Trading Journal
“First learn to trade then the money will follow!”
USO / USOIL – CLOSED TRADE
Today, the oil price collapse on the daily timeframe. There must have been some sort of OPEC meeting or something.
The result is that the USO ETF’s price declined dramatically also, hitting my newly moved stop-loss.
The upside: overall, the trade was closed with me in profit.
The downside: it appears that the oil price may still be set to rise due to the weekly timeframe. Therefore, the triggering of my stop-loss has taken me out of the oil market prematurely.
Learning Point
- Use the weekly timeframe to determine where to place your stop-loss so that you remove the possibility of being stopped out in line with the daily timeframe.
- When considering placing a trade, continue to cycle through the timeframes from the weekly, to the daily, to the 4 hour to get a sense of what is happening overall with the price action.
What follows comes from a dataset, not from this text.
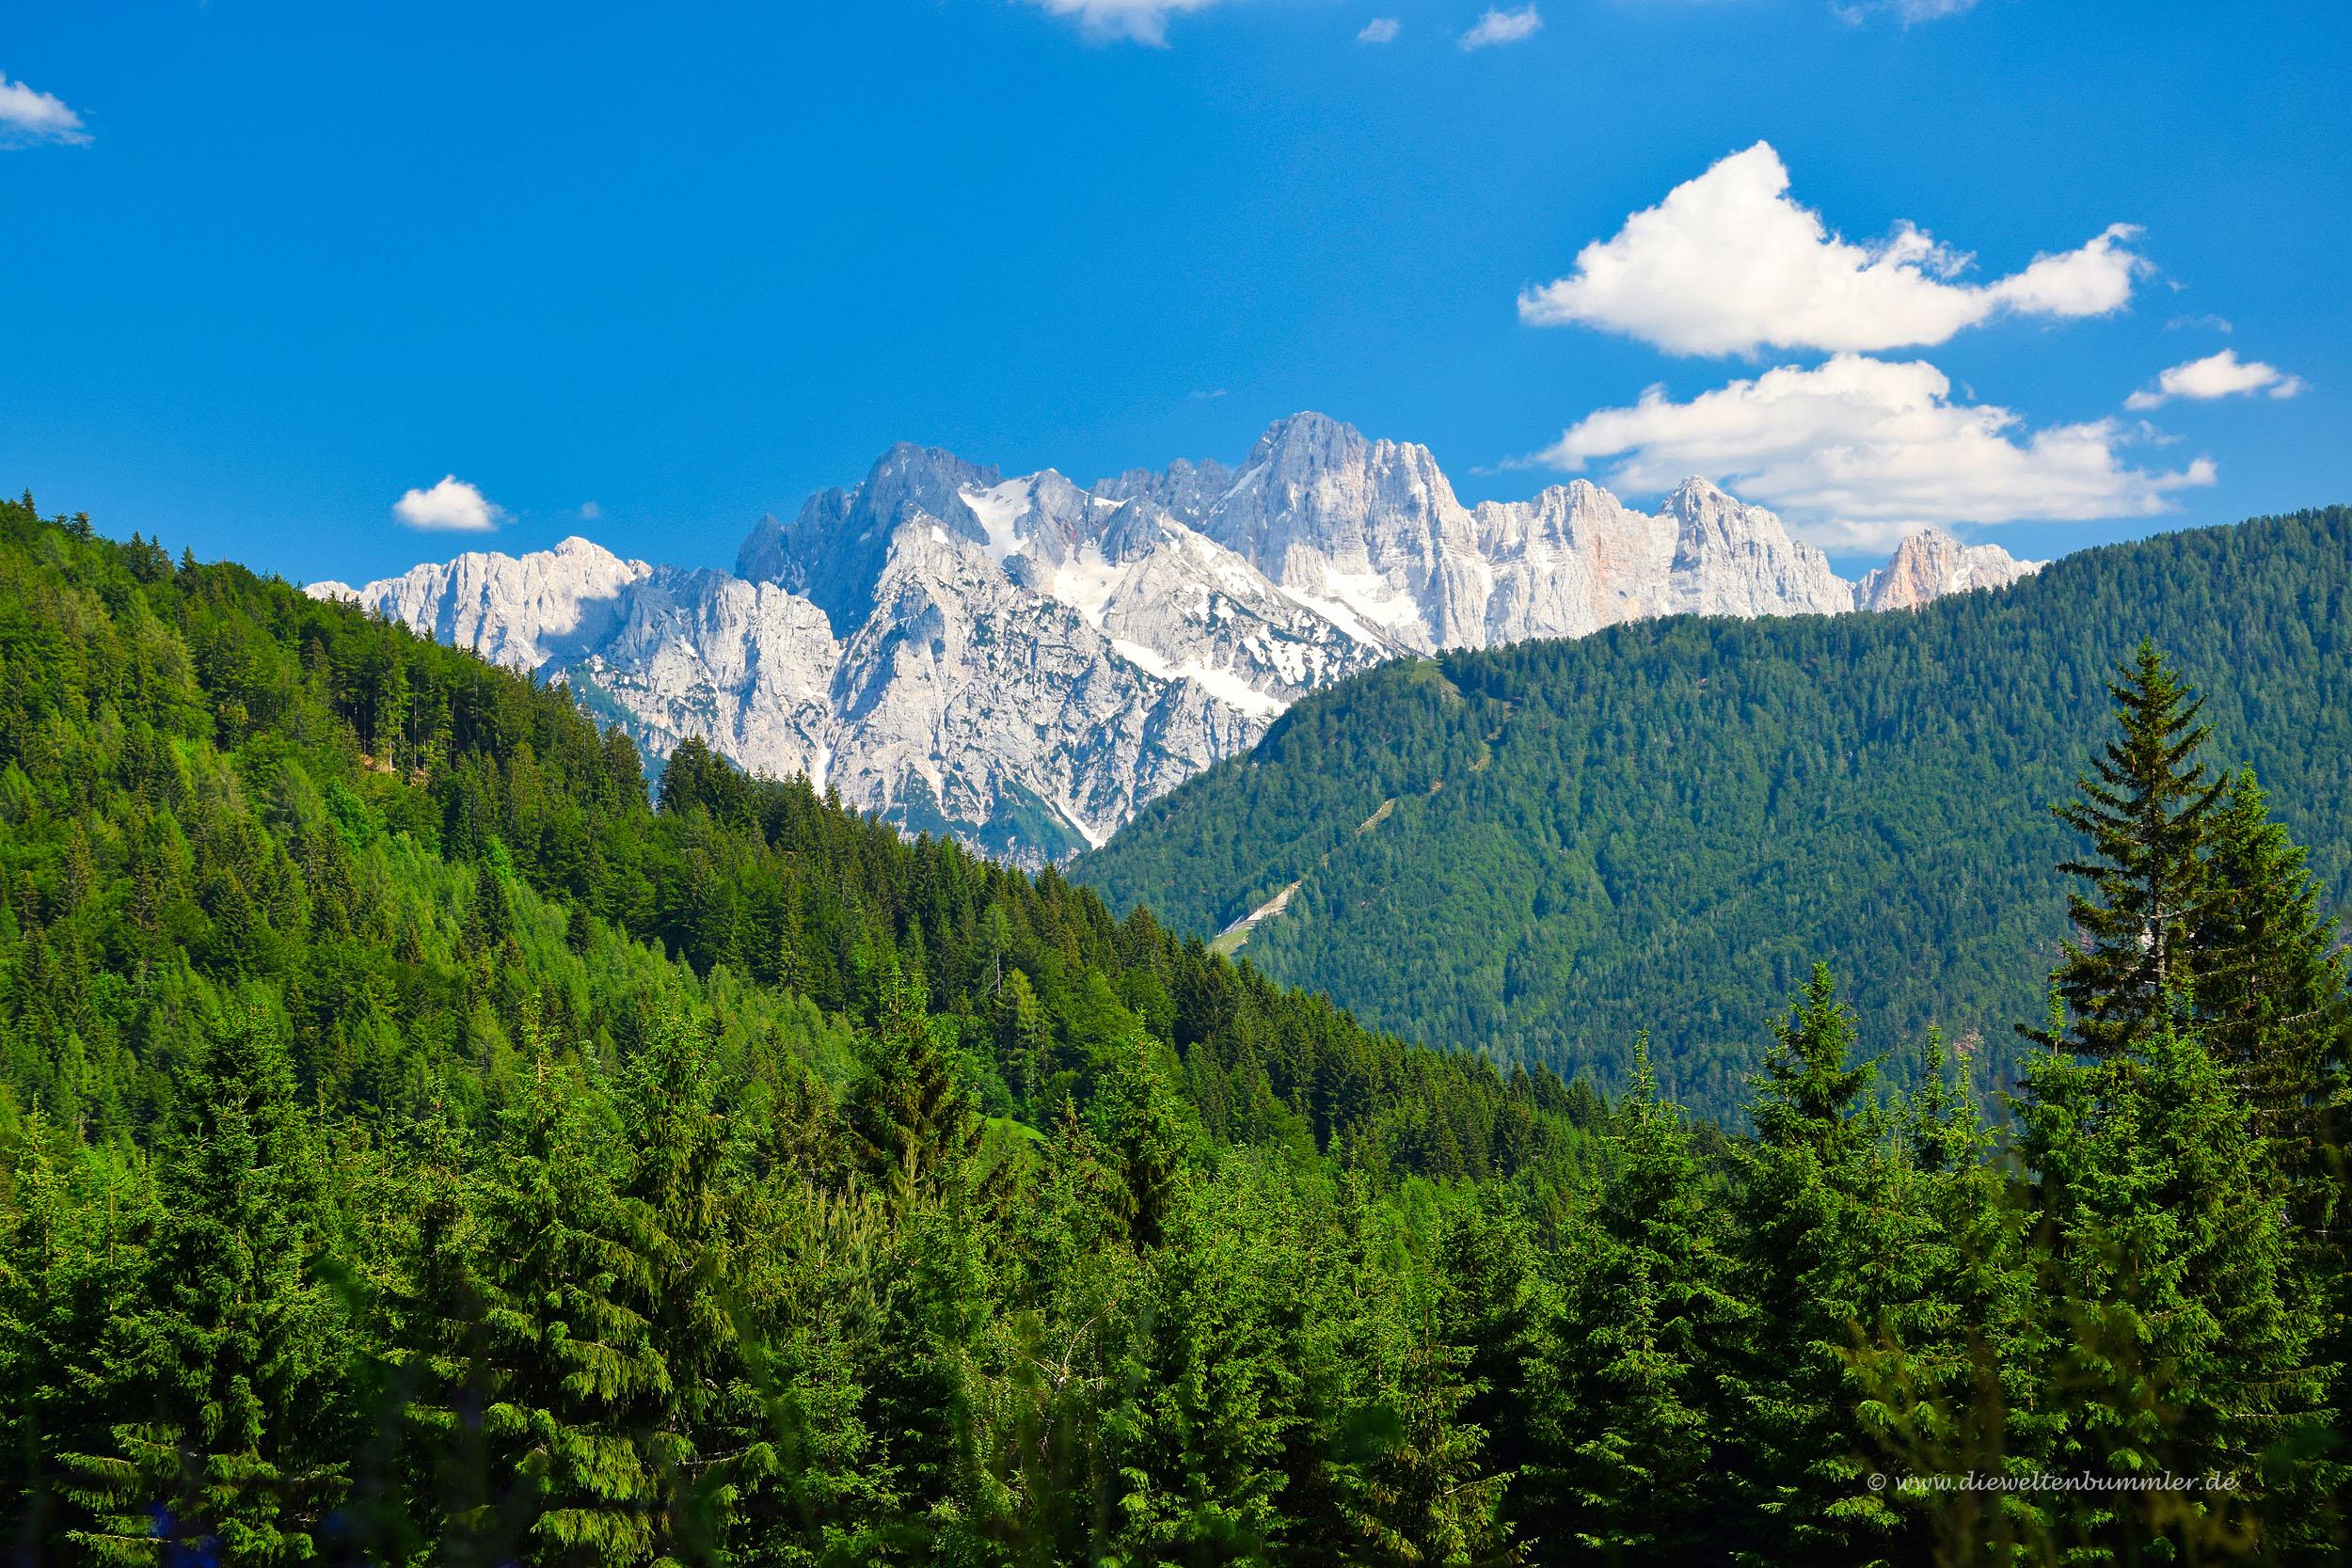 Ausblick zum Triglav-Gebirge

Remember that the 4 hour may provide us with an early signal, but it’s the weekly that tells us if, overall, the price direction has just started; is in progress, or is coming to an end.
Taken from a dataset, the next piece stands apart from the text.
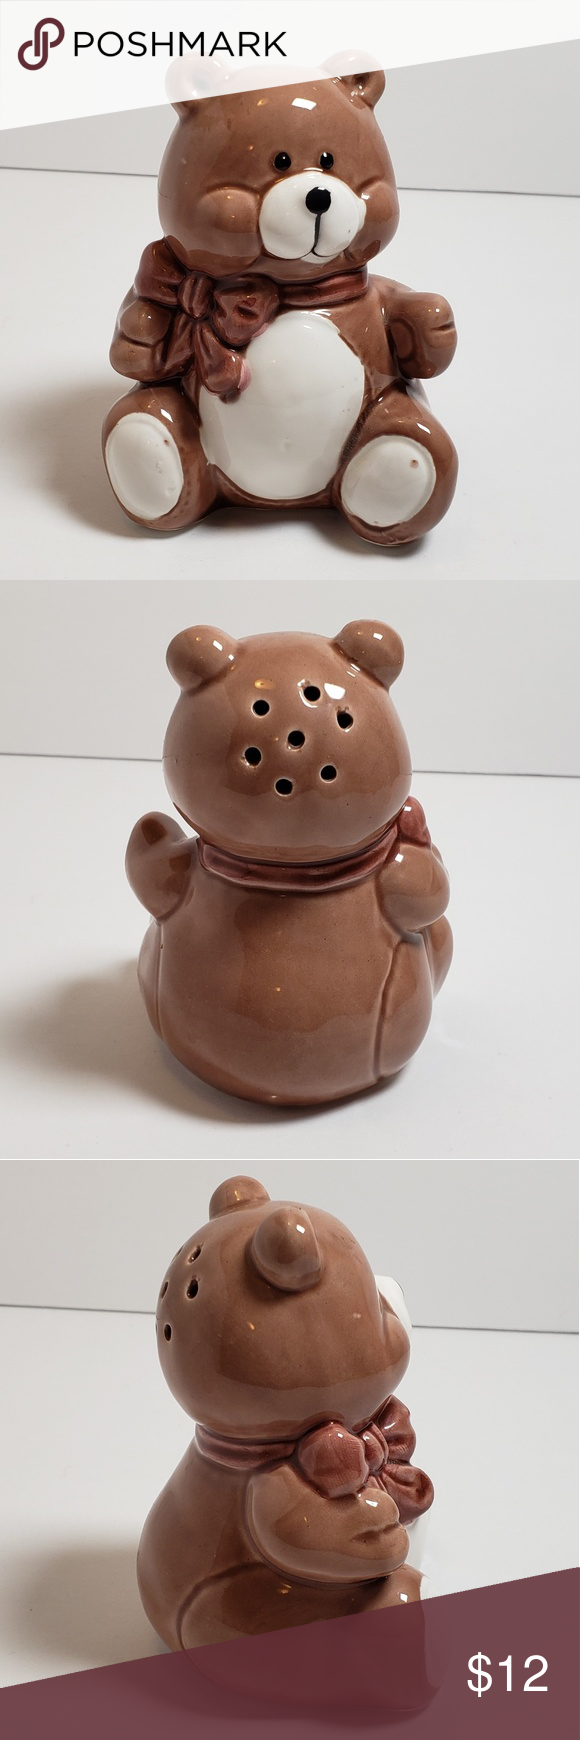 Vintage 80s Teddy Bear Shaker

- The daily timeframe informs us about the most likely moves between the current support and resistance lines or levels. Therefore, the daily timeframe seems best suited for short-term swing trades. I knew this before but, now, I just have a stronger appreciation (coupled with experience of different markets) for how significant it is in this regard.
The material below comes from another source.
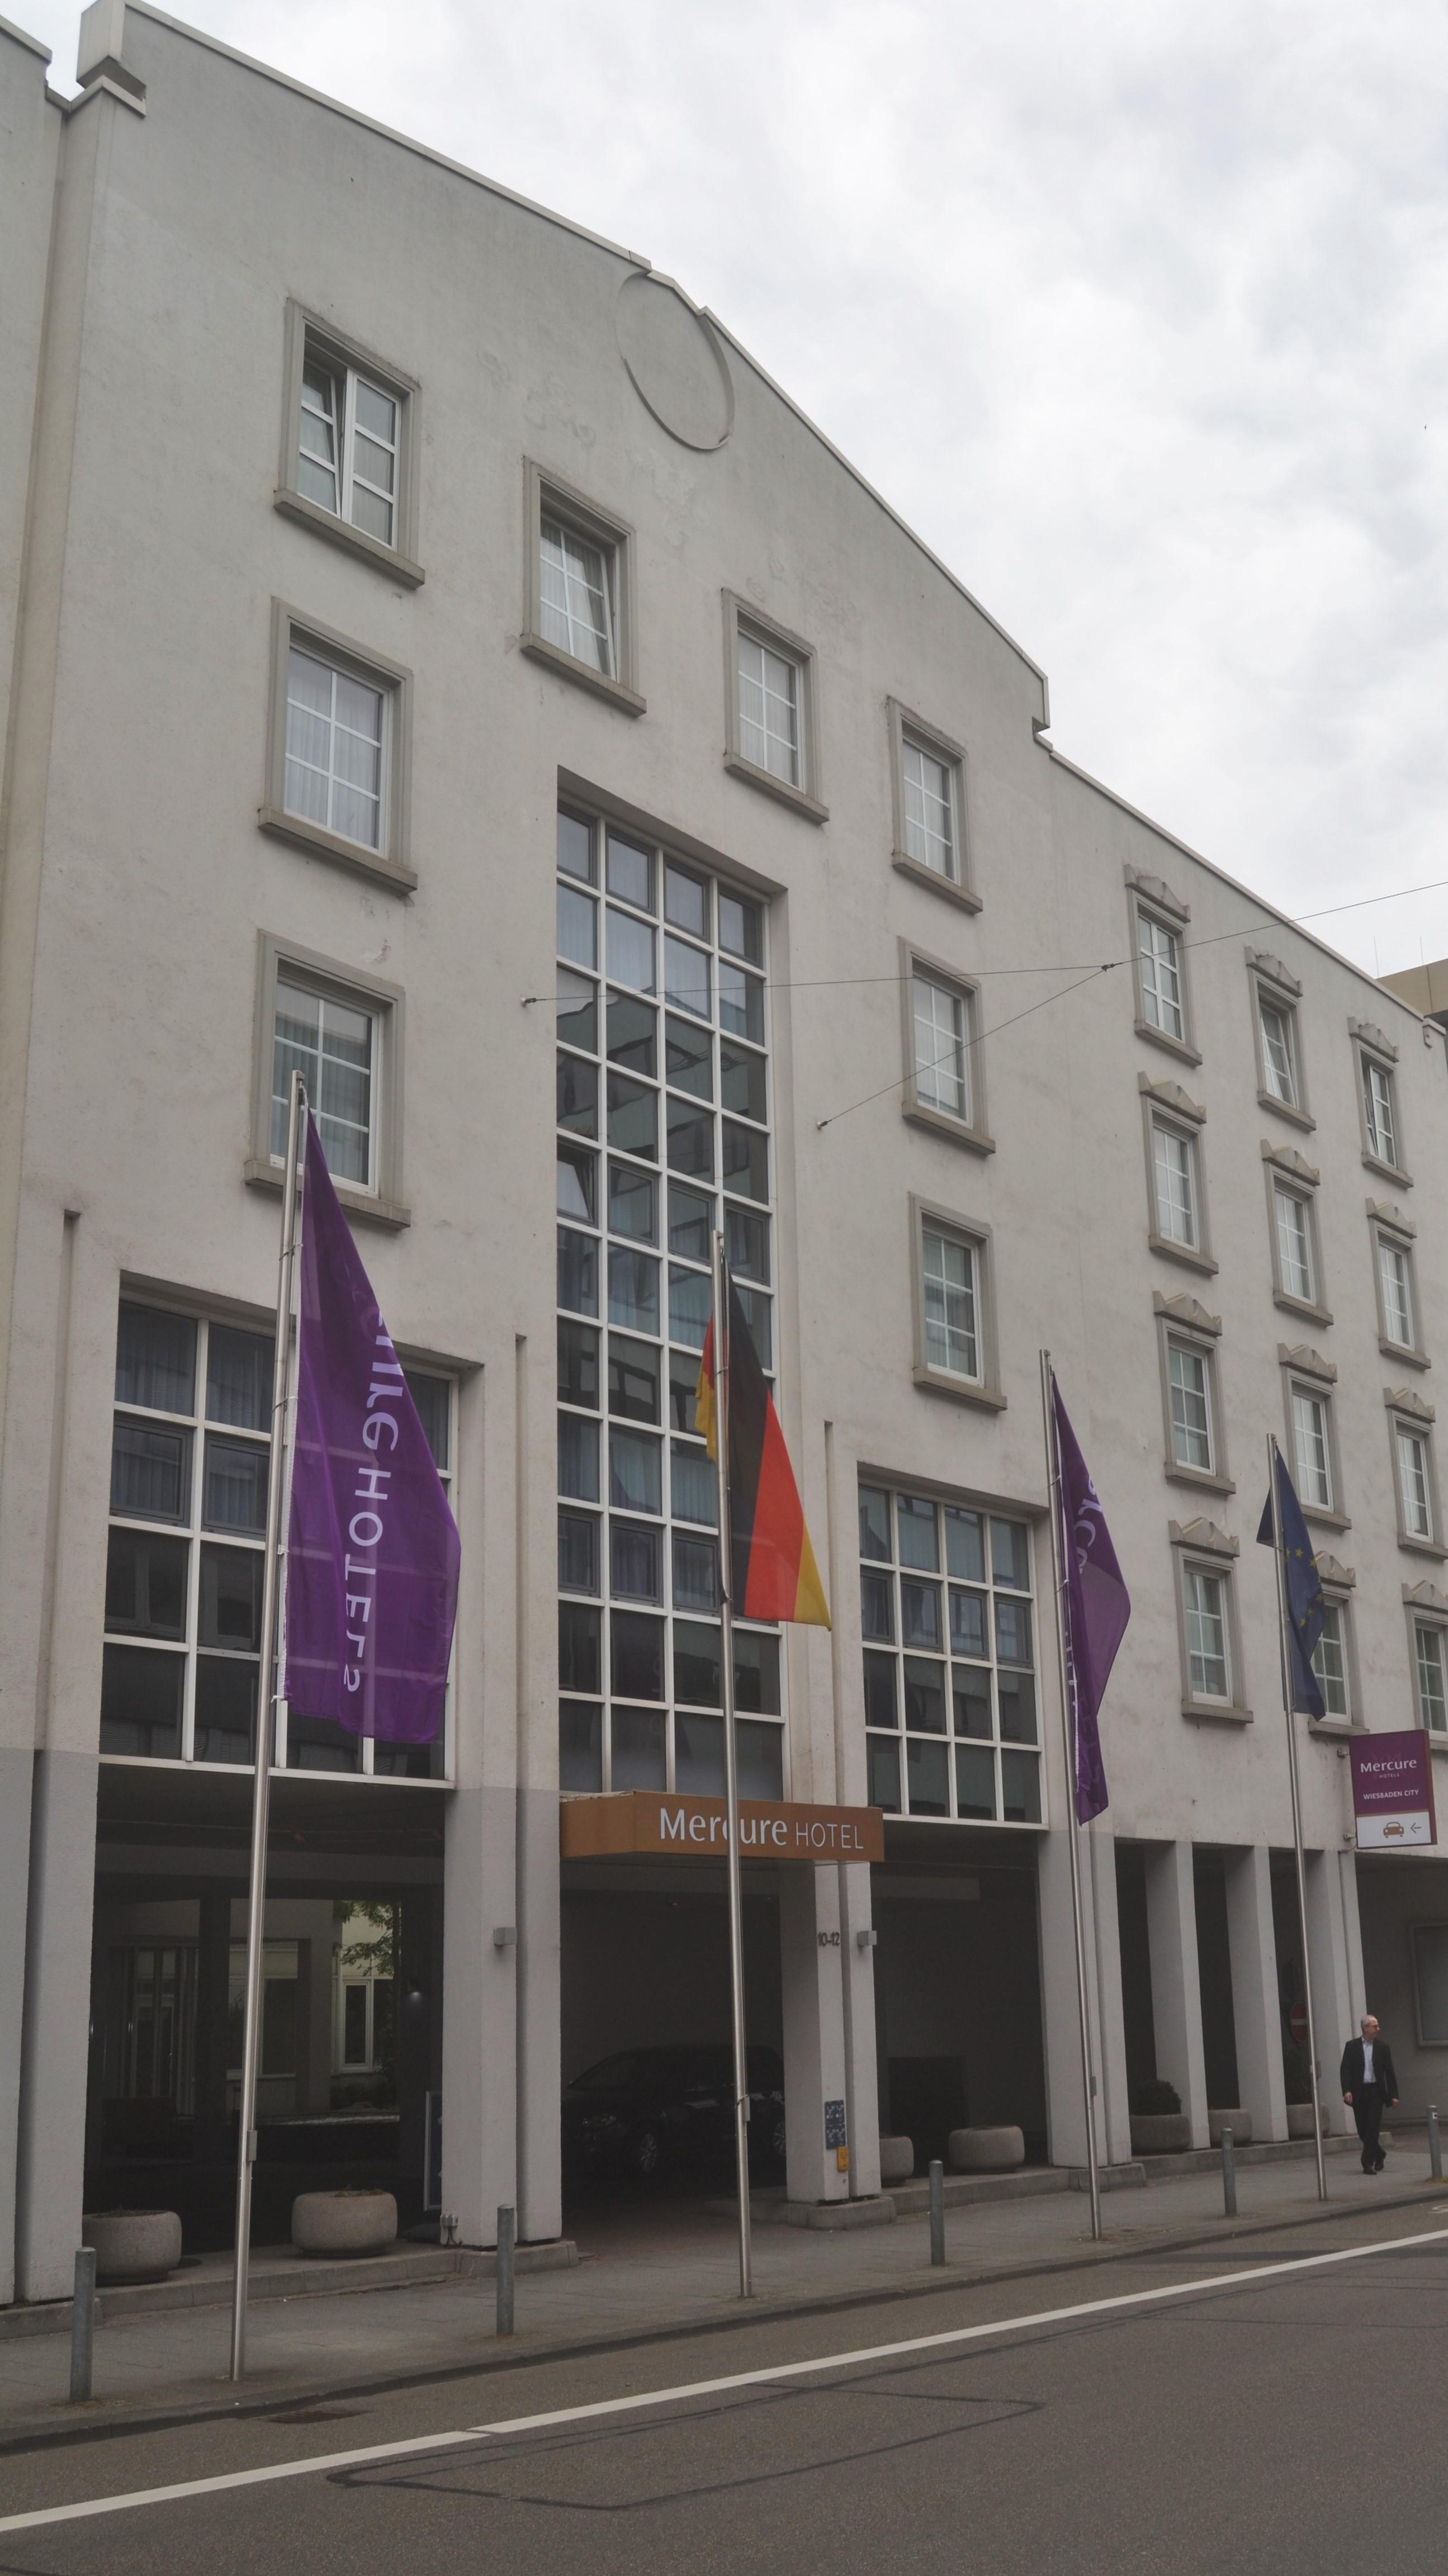 Mercure Hotel Ubernimmt Crowne Plaza In Der Bahnhofstrasse

- Writing this journal is enabling me to, effectively, learn how to trade profitably at a supernatural pace.
USOIL – REENTRY
As can be seen by the three different timeframes above, the price of USOIL appears to now be starting to rebound.
Learning Point
- If we look at the daily timeframe, we can see that there is a huge gap or white space between the price action and the Kumo Cloud. Looking at all of the three charts together revealed to me that this distance seems to occur when the price has started to move sideways. In support, when the price action is experiencing a strong decline this is typically accompanied by the candlesticks being relatively close to the Kumo Cloud at a sharp angle (for example, see DISH’s weekly timeframe chart below).
- Entering 1/10 of my trading capital on a trade would seem to imply that there is the possibility of the price declining about 9 to 10 times; therefore, it makes sense to spread out my entry. However, if I expect the price to decline or rally 3 to 5 times from its current level, then it may make strategic sense to make sure that I enter at least 1/3 or 1/5 of my risk capital if I intend on maximising my trading profitability.
Next Action
- Monitor USOIL / USO trade tomorrow in terms of the price action’s relationship to current resistance and support levels on the daily and weekly timeframes.
DISH
Today, I entered a long trade in regard to DISH.
Learning Point
- Around 2/3 of my risk capital was the minimum amount that I could use to set my stop-loss concerning my entry. I was happy to still enter the trade in spite of the uncertainty, because the next support level below is the all time low. Therefore, as long as I can make another 1/3 entry at that level if the price further declines (which I can), then this will justifies my previous 2/3 entry.
Next Action
- Monitor DISH trade tomorrow to consider the relationship between the latest price action and the support and resistance levels on the daily and weekly timeframes.